Germinated on the greed and profligacy of mankind, it’s now the fastest-growing city in the US whose every new building rises like a brittle, neon flower out of the scorched earth. Sticking up its finger to the notion of living anywhere close to within its means, it leeches resources from its neighbouring states only to repay them by polluting their airspace. It currently boasts a reckless 360-gallon water usage per capita despite being built on a spot so arid that a sky-diving honeymooner squeezed into a white nylon Elvis suit is more likely to land on your head than a single drop of rain. I’m talking, of course, about Las Vegas, Nevada, the devil’s very own Garden of Eden.

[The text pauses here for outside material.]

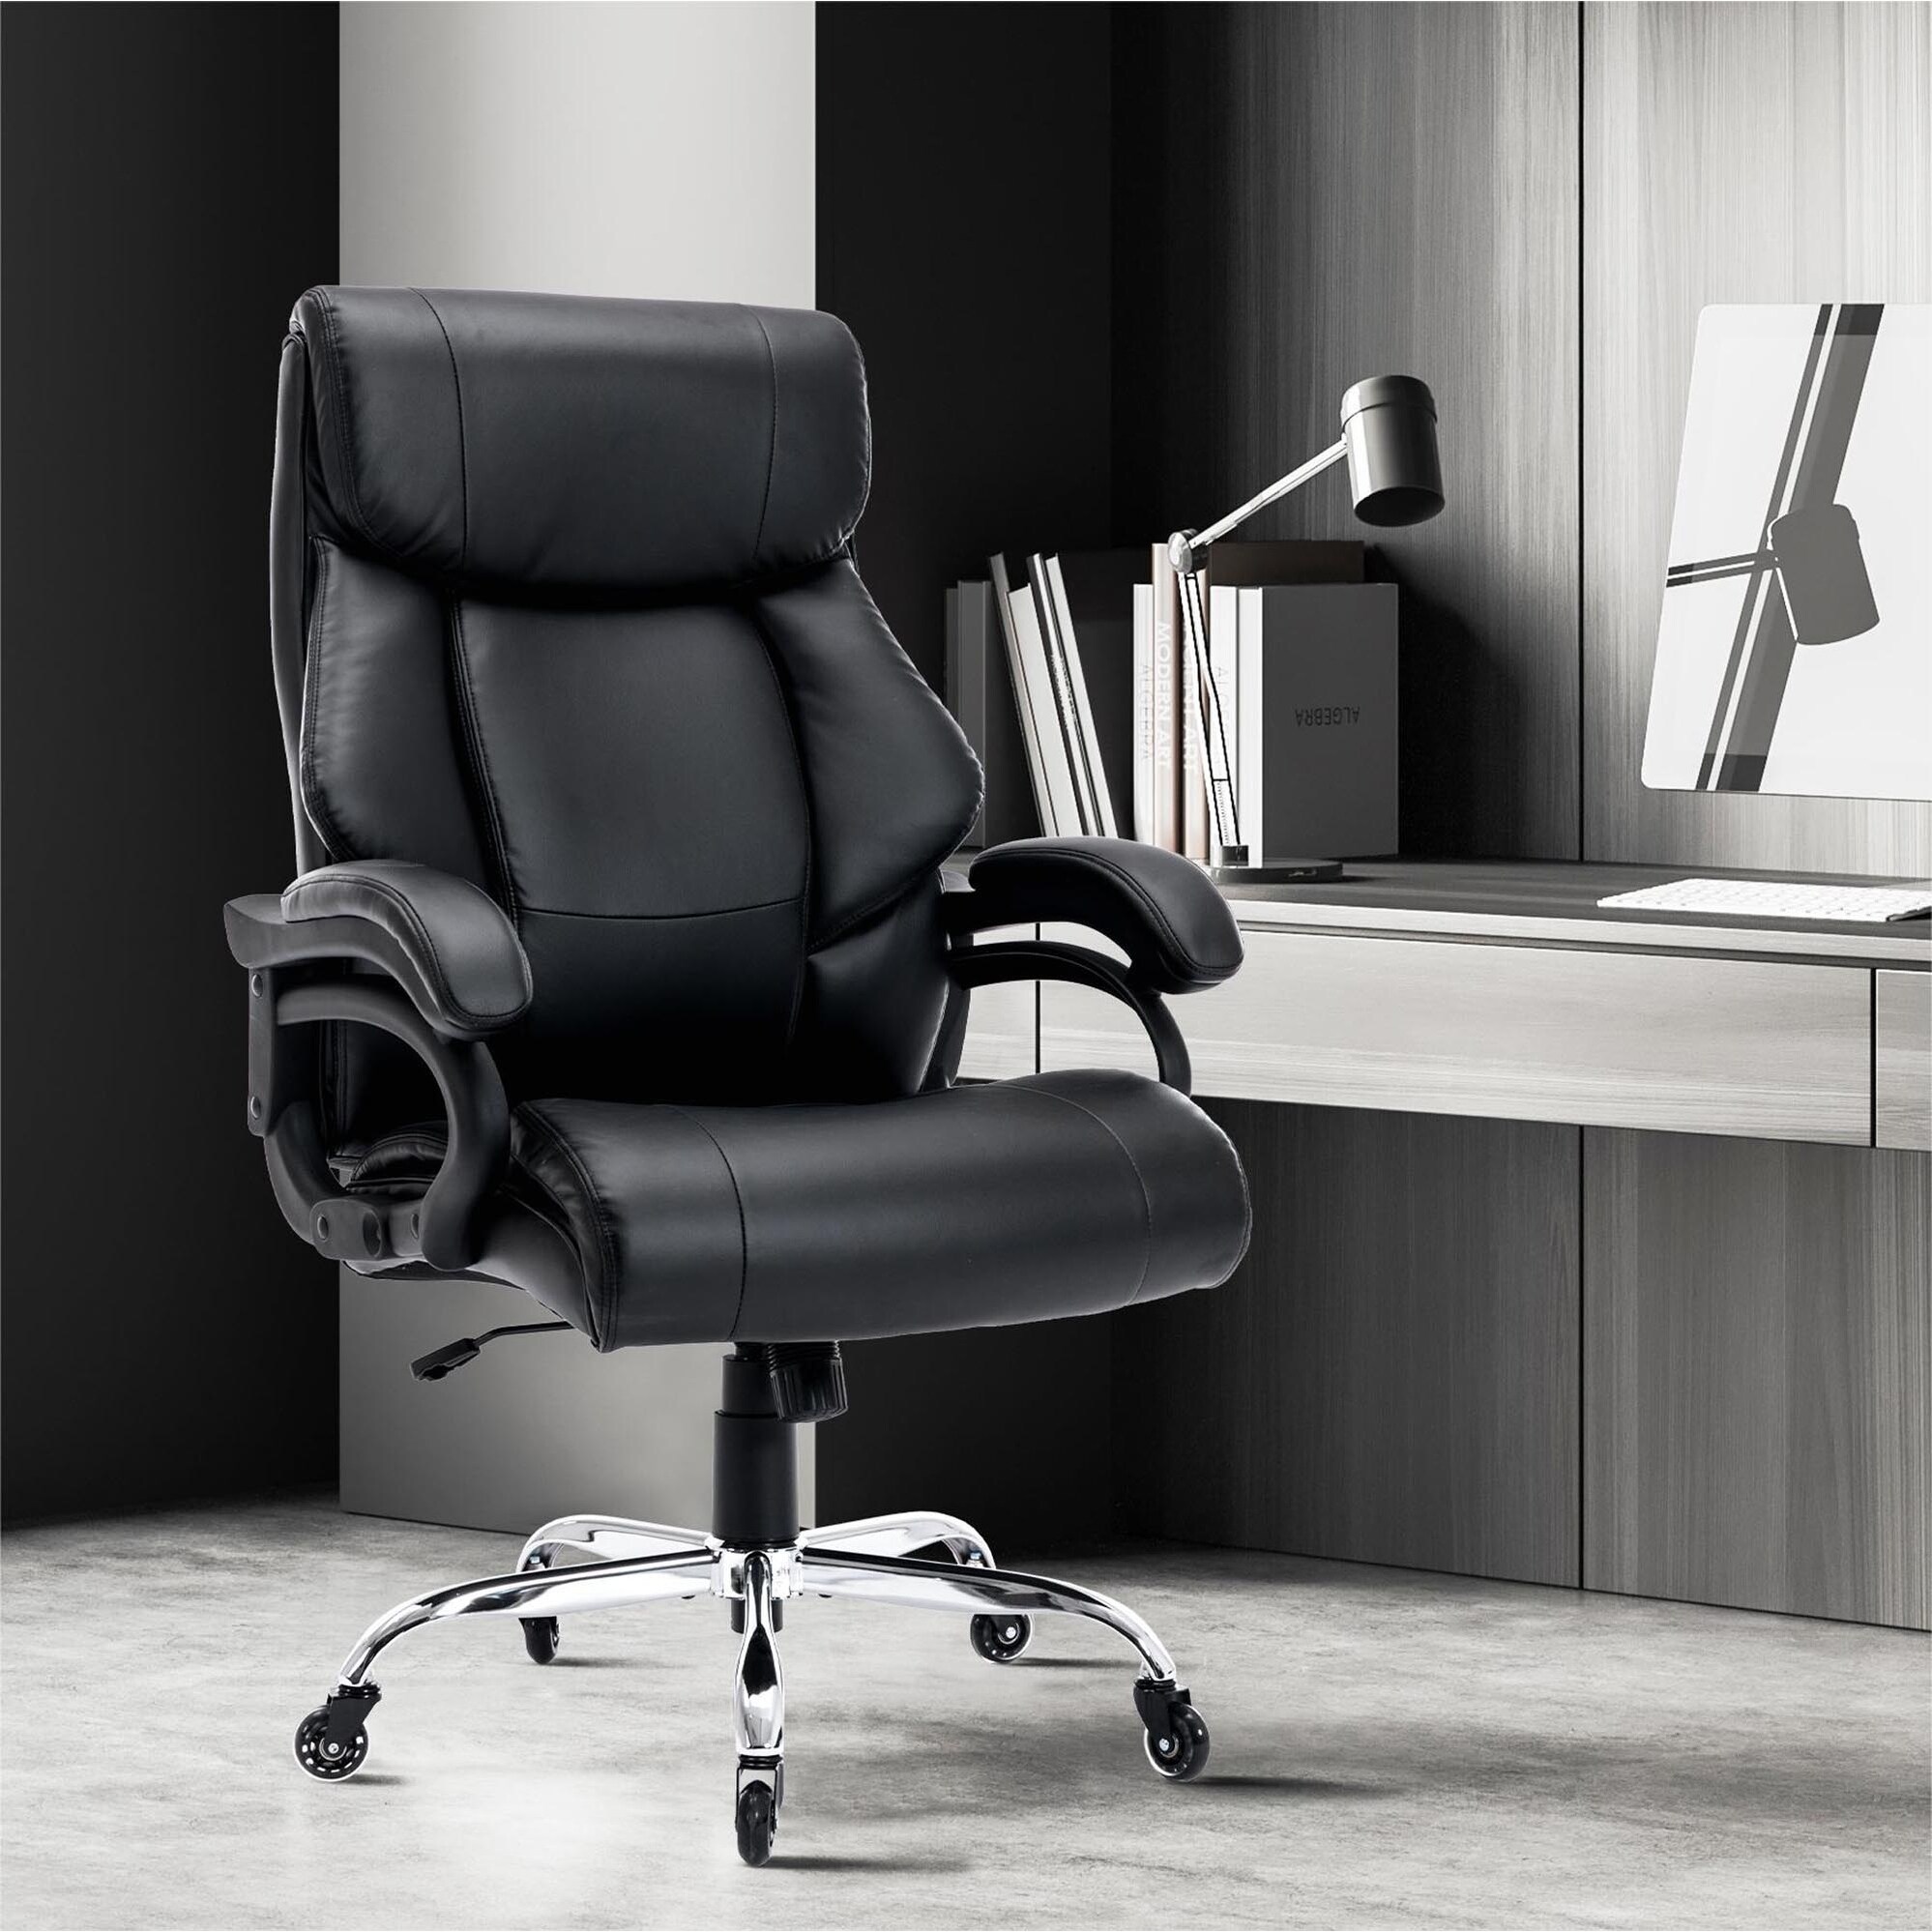 Best jude office chair - leather desk chair - multiwood

Vegas has always been a repulsive town. It sold its soul long ago to the strip developers and the gaming corporations who have grown fat feeding off the most corrupt of human failings. It’s a place of futile hopes and shattered dreams offset by the occasional ker-ching! of an instant fortune.
However a city that adopts the prefix ‘Sin’ is hardly looking for any back-slaps from the righteous. Who cares if you lose your shirt when you can soak away your troubles in a Jacuzzi shaped like a monstrous gold clam? So what if granny blows her social security on the roulette table when later she will brush her teeth overlooked by the intertwining necks of two fornicating bronze swans — Vegas is crass and vulgar and gloriously kitsch. This is the number one, no shame-no blame entertainment hotspot for all the world’s losers and winners. In short — Vegas is fun.
At least, it used to be.
I’m standing in the much-hyped Wynn hotel whose bedrooms (so the blurb claims) took a year longer than the Sistine Chapel to complete. Consequently, I’ve been anticipating a whole new level of Gracelands flashiness — perhaps even hand-blown glass cupids suspended from my ceiling, but shock horror, I’m looking at nothing but beige. From the furniture to the upholstery, everything is colour co-ordinated, muted and, most disappointing of all, nearly tasteful.
Okay, cards on the table. I’m not the Wynn’s ideal client. I’m here to meet my eldest son Jesse and a couple of his friends, but at 20 they’re not allowed to drink let alone gamble. Oh, they can sign up for war and dig up dead babies from beneath the rubble of Baghdad but they can’t push a quarter into a slot machine lest the sight of all those oranges and lemons sends them off the edge!
So how to amuse ourselves for 24 hours? Well there’s Circus Circus! And lobbies galore! There are stretch-priced limos and wildly expensive prop shops where the boys kit themselves out in puppy dog hats and seersucker jackets, but there’s little respite from the 112°F heat which eventually beats us back into one of the Wynn’s climate controlled cabinas which flank the hotel’s ‘water attraction’ — a long narrow trough of a thing down which sweaty punters float belly and feet up, like colicky cows towards a turquoise oval pool. There’s a high quota of bling, pinchingly small Speedos and the occasional unseemly bottleneck whenever two fatties find themselves simultaneously water-borne. But at $500 it’s undeniably good value for money when compared with, say, golf ($1,000 a round for two people) or breakfast ($120 a head) — but none of these attractions begin to compete with the boys’ cheapy motel where later that night (and for only $49) they get a corpse lying in a pool of blood in the lobby and a receptionist dabbing at the human bite on his leg. Unfair. The truth is that Vegas, cheap and toxic, I can stand, but its pricey new veneer of chicness leaves me cold.
It seems I am not the only one mourning Vegas’s good old days. On the way out of town we stop for water. A heavily lined woman with lank hair and a wet rolling cough emerges from the gloom of the liquor store’s backroom. She eyes me shrewdly as I pay with my fistful of remaining single bills. ‘Whatcha been doin’ girl?’ she demands, apparently sans irony. ‘Waitin’ on tables or strippin?’
‘Stripping,’ I tell her, ‘pays better, doesn’t it?’
She shakes her greasy head. ‘Not for me babe, she says sorrowfully, ‘not any more.’